US Labour Market in Flux: Can NFP Sway Market Sentiment?

The US labour market has been under intense scrutiny, swinging between upbeat and disappointing data. As July rolls in, market participants are closely monitoring economic indicators to gauge how the lingering effects of past tariffs will impact the economy.
Amid this uncertainty, new political developments have further complicated the outlook. On Wednesday, Bill Pulte, head of the Federal Housing Finance Agency, called on Congress to investigate Fed Chair Jerome Powell, alleging that Powell’s recent testimony regarding the central bank’s planned renovations to its headquarters was “deceptive” and misleading. This growing political scrutiny of Powell highlights the tensions surrounding the Fed’s role and its leadership, an issue that has been at the forefront of political debate for some time.
Although the Fed is designed to operate independently from political influence, repeated calls for Powell’s ouster, including those from Trump, underscore the ongoing tension between the central bank’s autonomy and political intervention. The potential impact of these pressures on future monetary policy could add another layer of uncertainty for market participants, as they await economic data like the NFP report to gauge the Fed’s next move.
The US Nonfarm Payrolls (NFP) report, released on the first Friday of each month, is a key event that can shake up the market. It shows the number of jobs added or lost (excluding farm workers and some other sectors) and serves as a crucial gauge of the overall health of the U.S. labour market. This month, the NFP report will be released a day early due to the June 4th holiday.
April’s NFP surpassed expectations, adding 139K jobs (vs. 126K expected) while the unemployment rate held steady at 4.2%. At first, this seemed to confirm a robust labour market, but recent data shifted the narrative.
In a bid to douse enthusiasm over the state of the US labour market, the June ADP report stunned markets with a plunge of 33K (vs. est +95k), revealing possible weaknesses emerging. It remains to be seen whether the US labour market can withstand restrictive monetary conditions with a Fed that is still on hold, a weaker economic outlook amidst waning enthusiasm for all things American, and an unpredictably volatile White House.
Nevertheless, keep an eye on the US dollar. The weakening trend is clear, perhaps even cheered on by American policymakers looking to boost the attractiveness of US exports. Against this backdrop, key major pairs like USDJPY and GBPUSD are showing interesting setups as they trade near key levels.
USDJPY Now Trading Sideways
USDJPY is facing bearish pressure, with demand for the U.S. dollar slipping as traders hedge oversized USD-based positions, while the Japanese yen benefits from tightening policy expectations from the Bank of Japan.

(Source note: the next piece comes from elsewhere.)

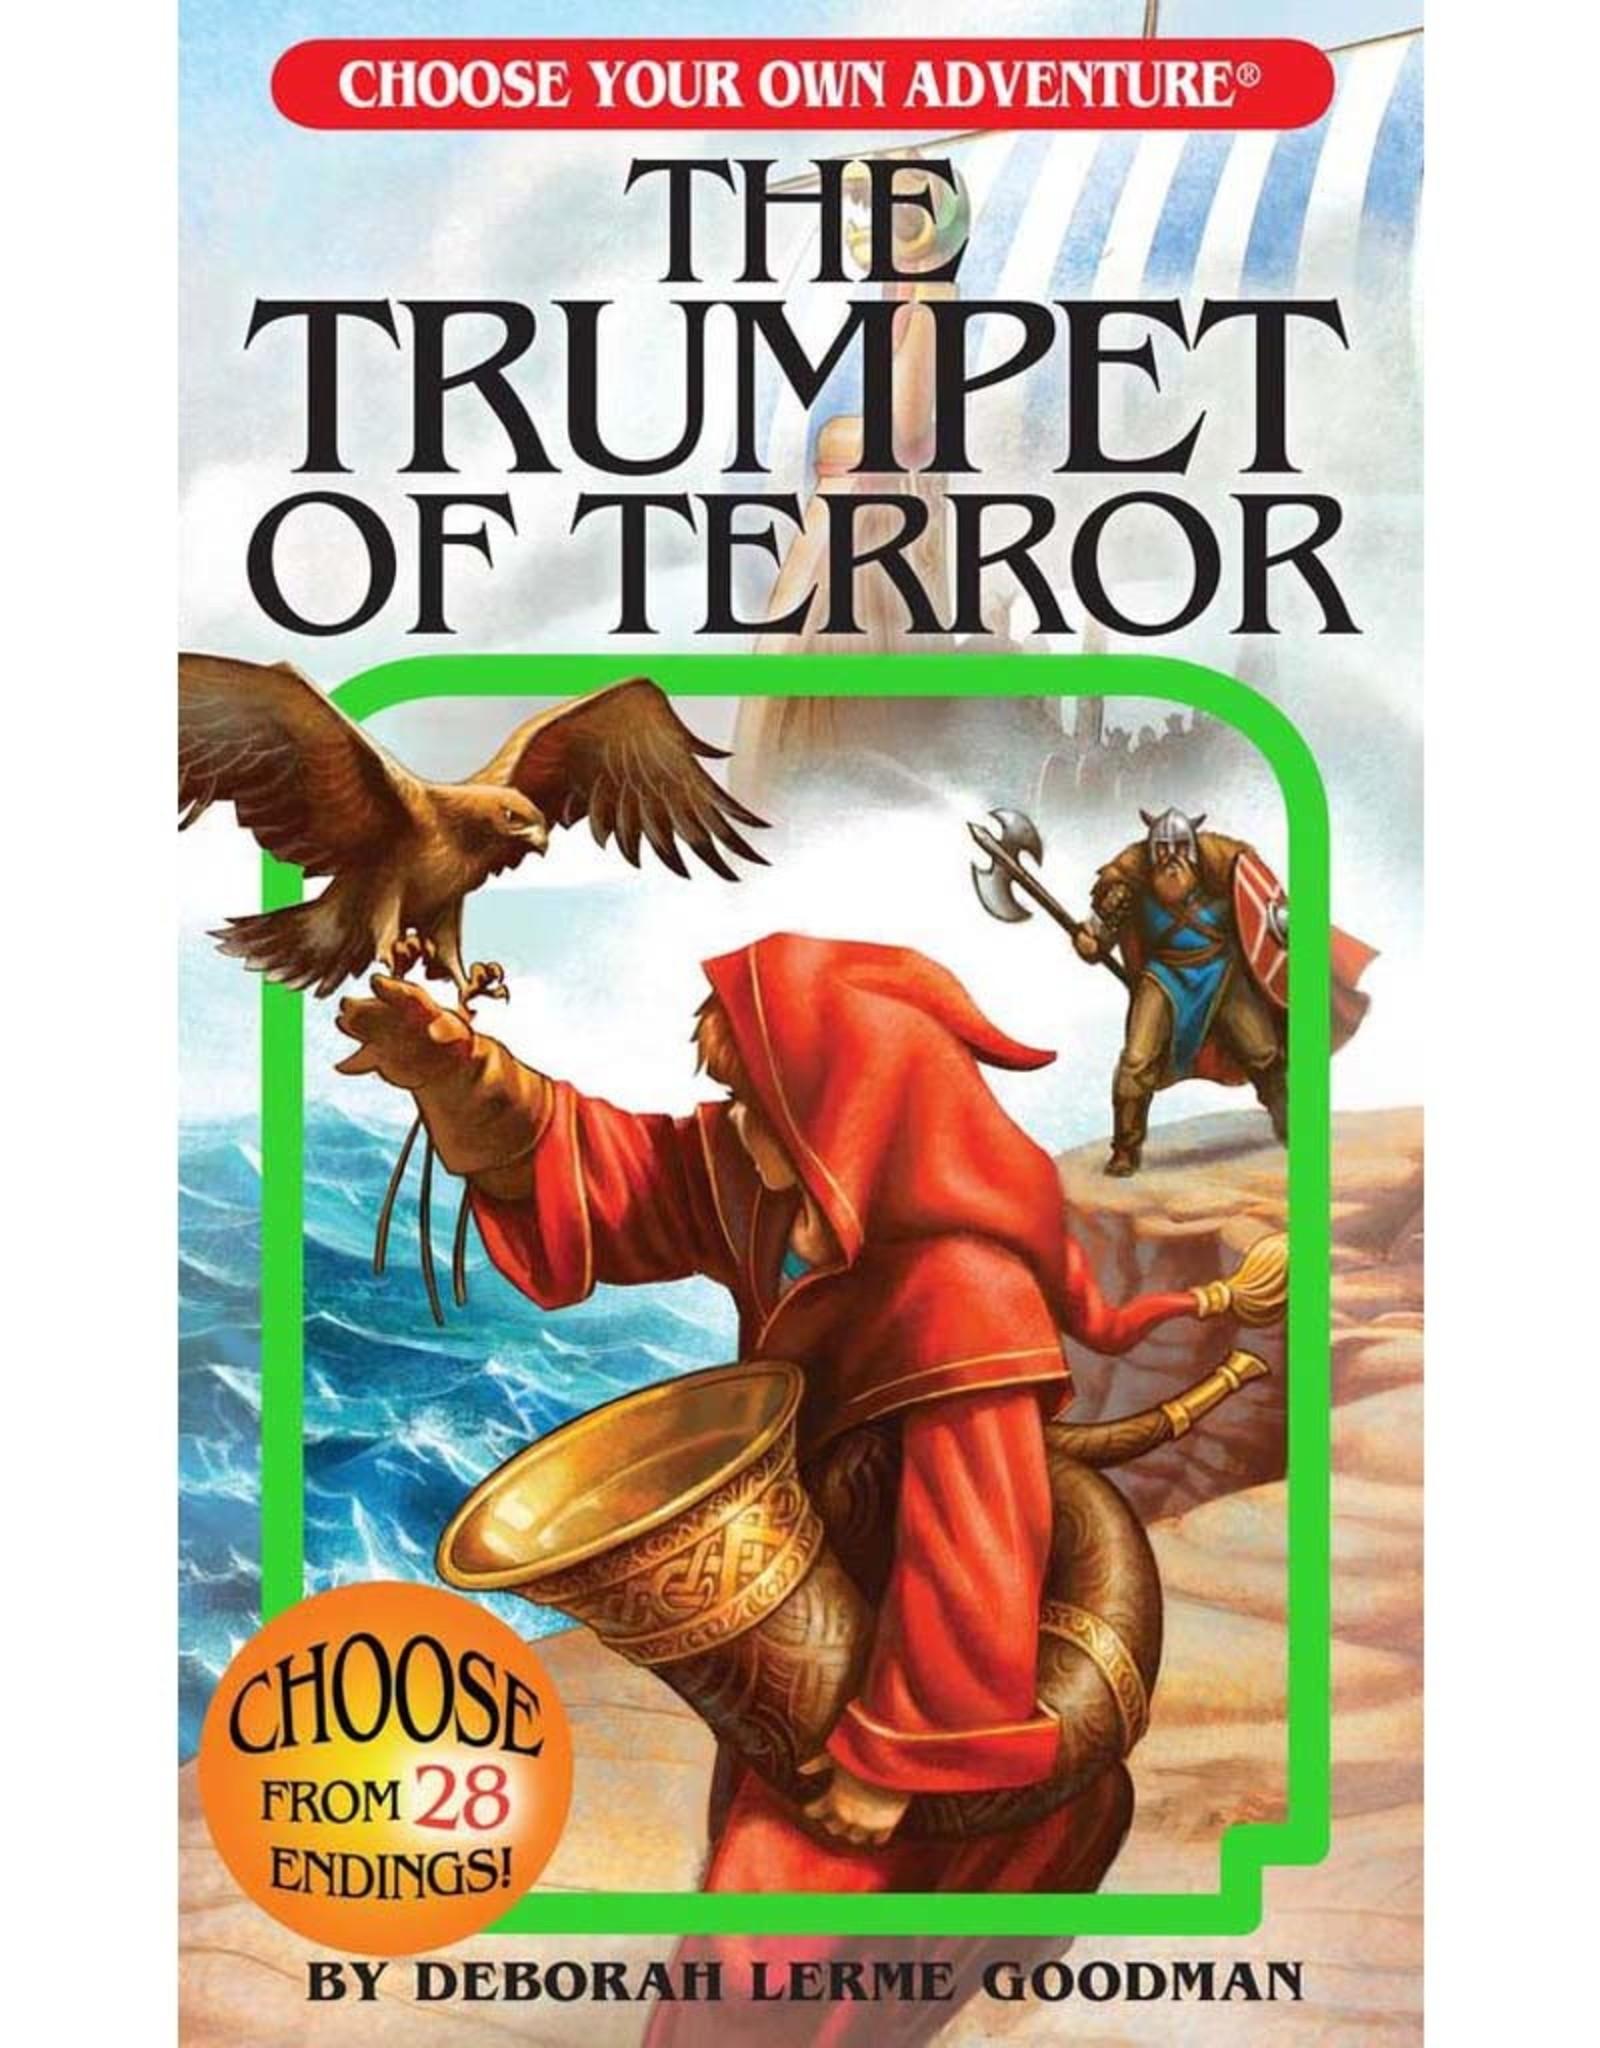 ChooseCo CYOA#189 The Trumpet of Terror

USDJPY continues to range between 148.50 resistance and 140.00 support. The price is now trading below both the Ichimoku cloud and the 50-EMA, suggesting that bearish momentum could return. After a recent reversal below the 148.50 resistance, aligned with the 100% Fibonacci Extension level, a move lower toward 140.00 support seems likely. If that breaks, 138.50 becomes the next key support, coinciding with a strong Fibonacci confluence area.
However, a deeper retracement could push the price back toward 151.50 resistance, in line with the 61.8% Fibonacci Retracement and 161.8% Fibonacci Extension levels. If that happens, bearish pressure might ease temporarily.
GBPUSD Showing Strong Bullish Momentum
GBPUSD continues to benefit from the weakening dollar, with the pair climbing and breaking key resistance levels. However, watch for potential issues in the U.K.’s fiscal landscape that could impact momentum.

GBPUSD sees strong bullish momentum as the price trades above the Ichimoku cloud and 50-EMA. As the price approaches the 1.3450 support level, in line with the 78.6% Fibonacci Extension level, we could see a bounce and further move towards the 1.3650 swing high resistance, in line with the 61.8% Fibonacci Extension level.
However, if the bullish momentum fades and GBPUSD closes below the 1.3450 support zone, a deeper retracement toward the 1.3150 support, which aligns with the 161.8% Fibonacci Extension level, may occur.
With the US labour market sending mixed signals, traders are closely monitoring economic data for clues on the market’s direction. The weakening US dollar, a dip in the ADP report, and lingering tariff effects add to the uncertainty. As the US NFP report approaches, all eyes will be on the data. It could provide critical insights into the labour market’s resilience and set the tone for major currency pairs like USDJPY and GBPUSD. Whether the US economy can withstand current conditions and how the markets react could shape sentiment in the months ahead.